New clauses in China's cyber security laws give the Ministry of Public Security broad powers to carry out on-site of remote inspections of the computer networks of any company with five or more machines connected to the Internet, the security intelligence firm Recorded Future claims.

This would allow the copying of user information, the logging of security responses, and checking for vulnerabilities, the company, which has close links with In-Q-Tel, the CIA’s investment arm, and Google Ventures, said in a blog post.

Additionally, security in the form of the People's Armed Police would attend on-sire inspections to ensure compliance by the company in question.

The details of the new laws are relevant in the context of the claims of what China's laws can mandate for companies operating overseas by officials of Chinese telecommunications equipment vendor, Huawei Technologies.

The Recorded Future post said the ministry could also conduct remote inspections of PCs to check for vulnerabilities. "For remote inspections, the ministry is able to involve third-party 'cyber security service agencies', increasing the risks of both vulnerability discovery and data leakages," the blog post claimed.
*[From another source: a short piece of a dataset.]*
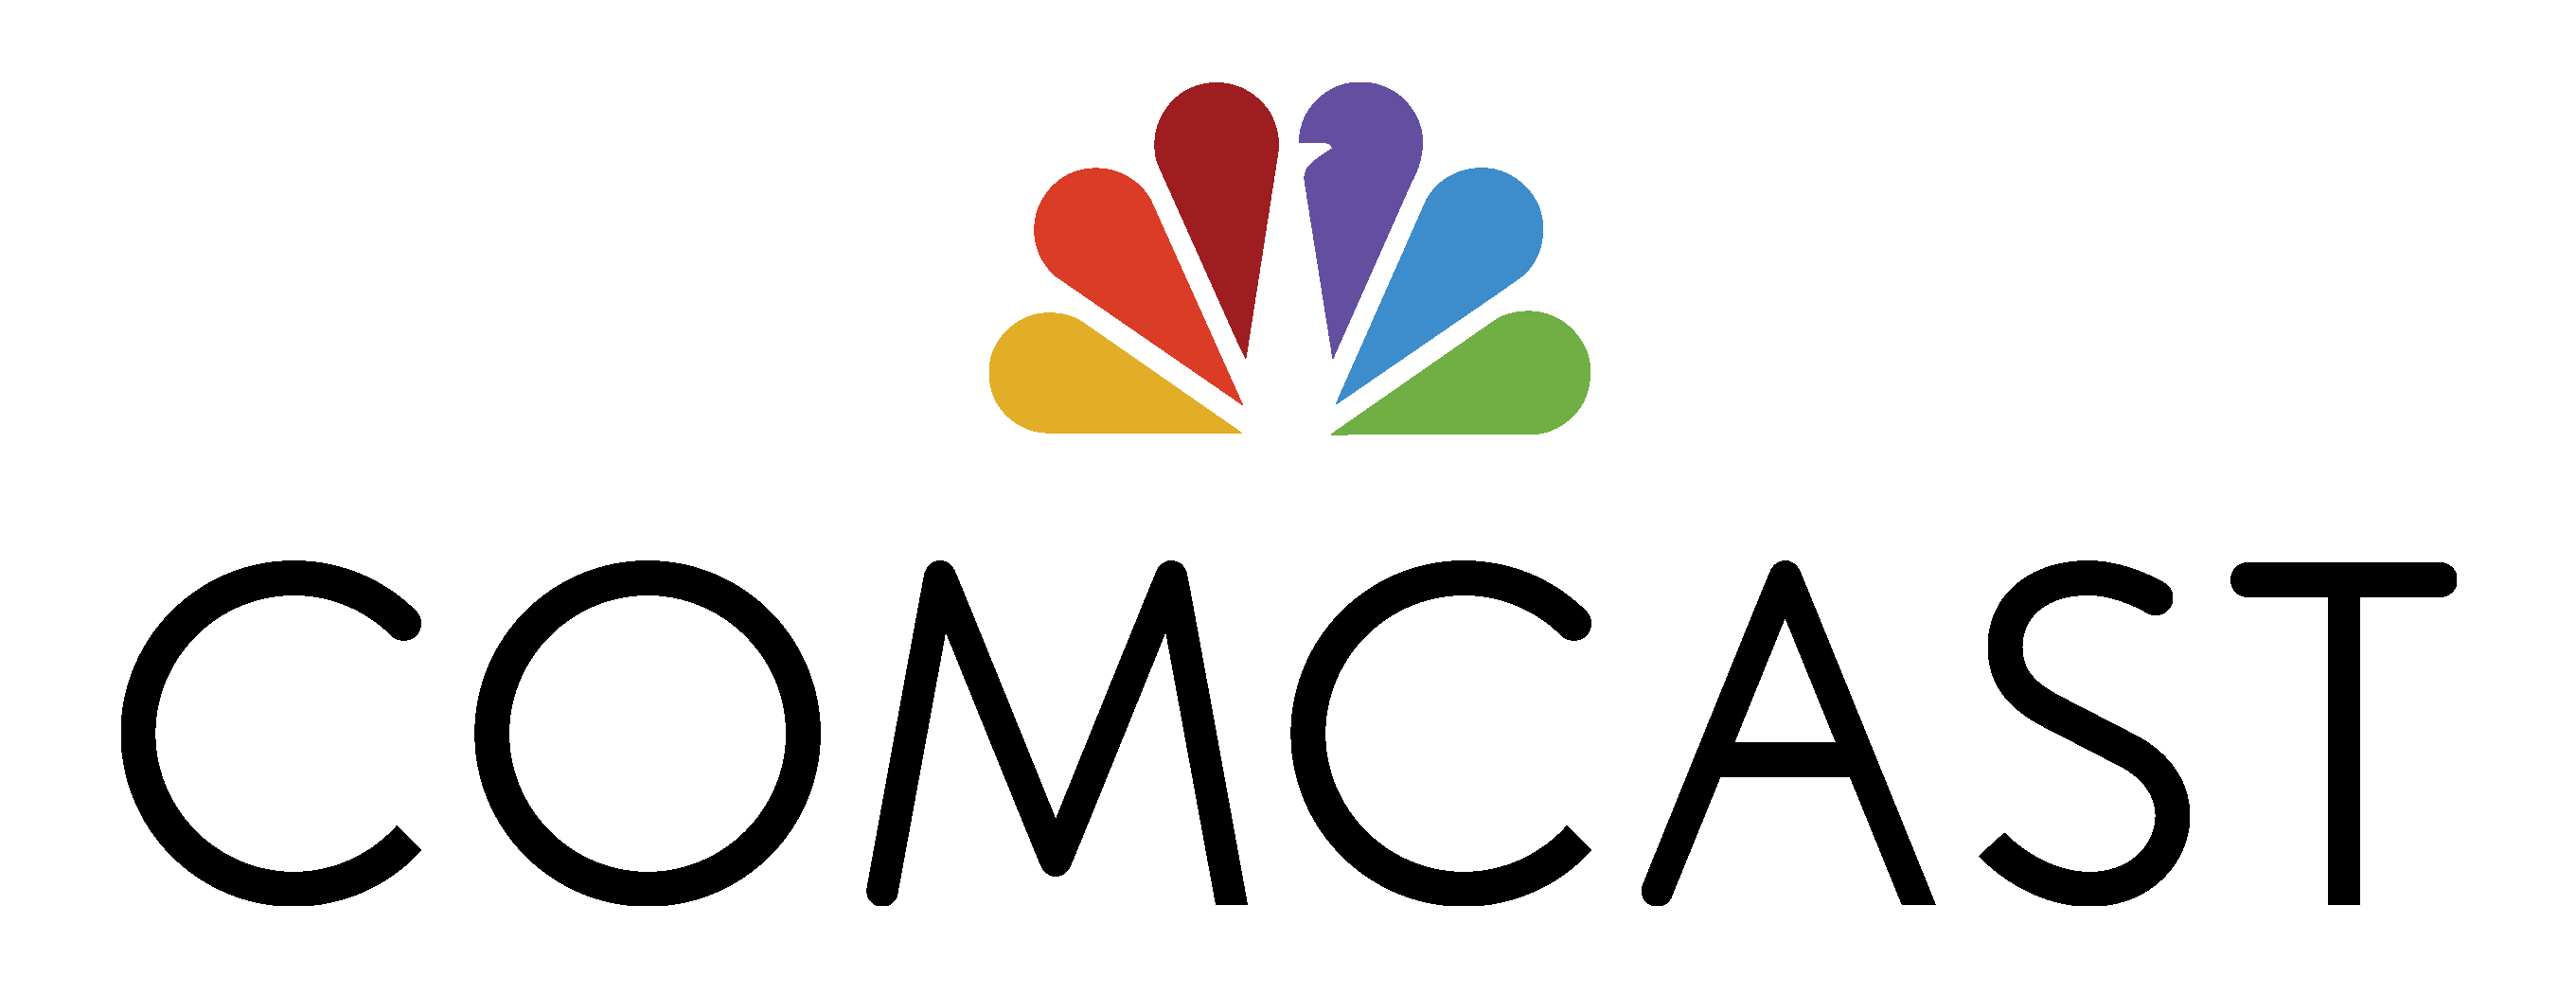 Download Comcast Logo Png Image For Free

The inspections also gave the ministry authority to look for digital content prohibited by China.

According to Recorded Future, the new provisions "specify what measures its branches at the county level and above must implement in order to better protect, supervise, and manage cyber security under the CSL [China National Cyber Security Law]".

The regulations do not make it mandatory for the ministry to disclose to the company in question what has been collected during an inspection. An officer of the company is required to sign a report prepared by the ministry during an on-site inspection, but this does not apply during a remote inspection.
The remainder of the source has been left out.